Соня немного нервничала, когда думала о том, что вообще будет дальше и, в частности, что случится, когда кончится лето и надо будет снова идти учиться и просиживать практически все дни за партой. Но она, во-первых, привыкла решать проблемы по мере их поступления, а до сего дня в ее жизни проблем-то, собственно, и не было. Во-вторых, Володька же как-то справляется, значит, и она сможет. Тем лучше, что в Гнесинке она находилась на положении самородка — немного не от мира сего. Удобно, так как под такую позицию можно и прогулы протолкнуть при необходимости.
А вот проблема с Пермью стояла во весь рост, и словами тут вопрос решить было нельзя. Соня села и подумала. Варианты были. Можно было сбежать с поезда, где вряд ли за подростками будет хороший надзор. Особенно за ней — тихой худенькой блондинкой. Как показывала практика, следить будут за мальчиками и говорливыми шумными девочками, а о ее существовании через час-другой вообще забудут.
Но были и риски. Могли настучать соседки по вагону. Могли следить лучше, чем Соня предполагает, и тогда бежать каким-то образом пришлось бы уже из лагеря. А тогда — много шуму, милиция, проблемы вплоть до приезда родителей из Новой Зеландии, что теперь уже в планы Сони не входило вообще. Это сейчас она могла спокойно звонить бабушке от Ингрид и дальше делать буквально все, что взбредет в голову. А вернись родители? Проблемы удесятерятся.
Наконец, могли тупо поймать. Соня представила, как вожатые этого дурацкого лагеря тащат ее в поезд, выловив при попытке к бегству.
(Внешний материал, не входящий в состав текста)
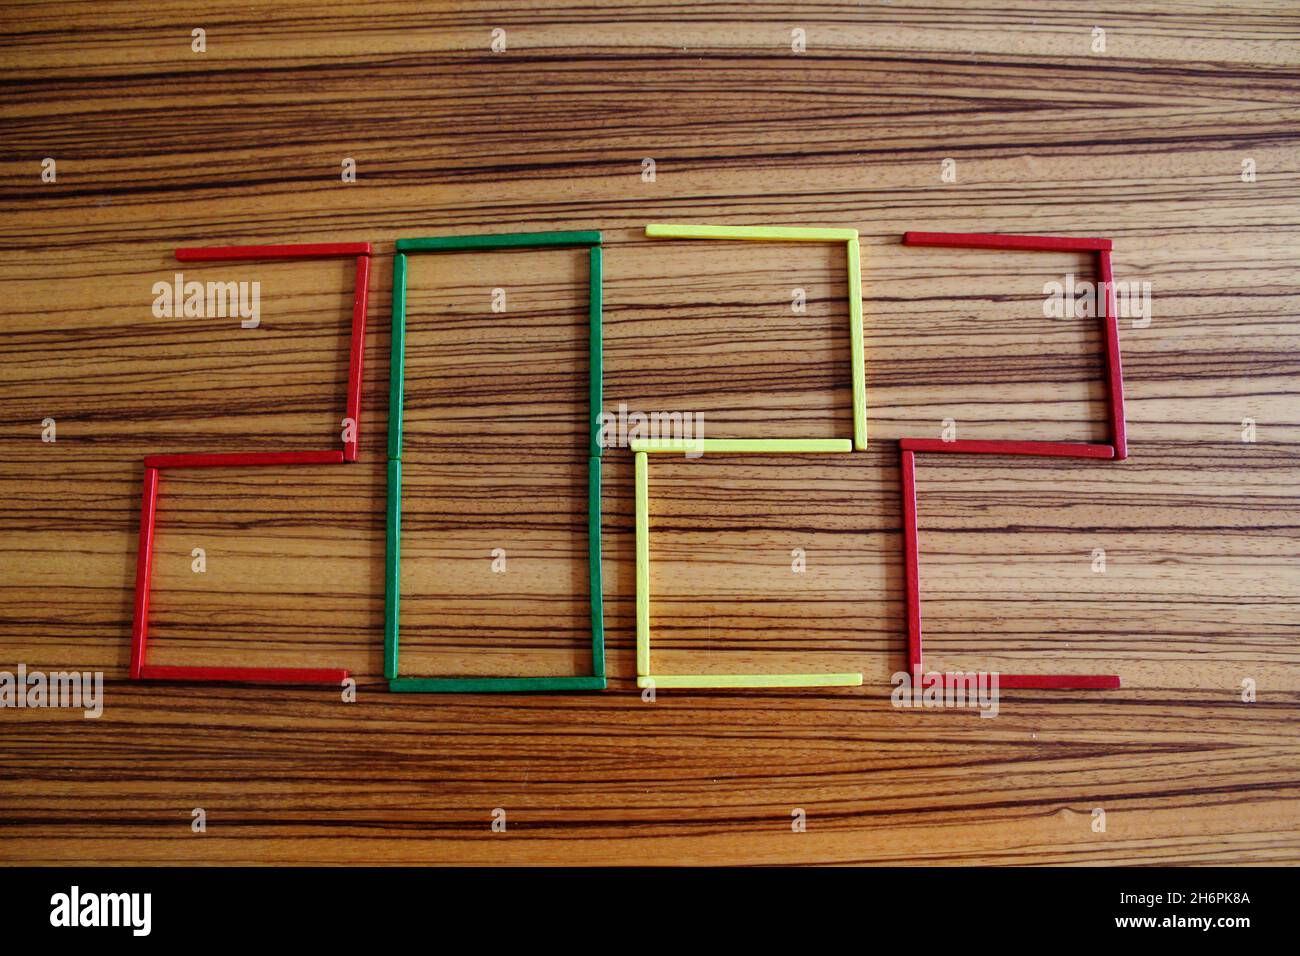 Bunte Holzstäbchen in rot, grün und gelb, auf einem Holztisch liegend, die die Zahl 2022 darstellen. Foto de stock

Нет, все эти идеи были отвергнуты Соней как неподходящие, и была выбрана единственная — логичная и стройная, но несколько сложная в исполнении. Впрочем, по сравнению с мировой революцией и бегством из поезда…
Соня ничего не стала делать. До последнего дня, а именно до пятнадцатого июня, она жила себе спокойно, позволяя бабушке оставаться в неведении в отношении своих планов. Она даже прошла медицинскую комиссию, на которой, собственно, и начала осуществлять свой план. Она наблюдала. Подмечала каждую деталь, переходя вслед за бабушкой от кабинета к кабинету. Наблюдала она за бабушкиными руками.
Каждый раз бабушка доставала и убирала обратно ту самую злополучную путевку, которую достал папин знакомый из Минюста. Таким образом, Соня установила, в каком отделении, в какой папочке и в каком виде лежит путевка у бабушки в сумке, а главное, как эта самая путевка выглядит. Также она заметила, что рядом с путевкой уютно пристроился Сонин паспорт и какие-то еще нотариально заверенные бумаги. Надо ли говорить, что перед самым отъездом все эти бумаги, включая паспорт и медицинскую справку, самым неожиданным образом потерялись.
— Где же они? Где! — восклицала бабушка, стоя рядом с Соней в квартире на Тверской и судорожно перерывая в четвертый раз свою сумку. Далее был перерыт чемодан Сони, перекопаны комната и шкафы. Даже мусорное ведро не было обойдено вниманием бабушки. — У нас же поезд! — причитала она. — Соня, что ты стоишь? Ищи быстрее. Я не могла их потерять, не могла же. Когда? Я помню, как я их перепроверила сегодня утром. Я сидела в кресле… Неужели я забыла их дома?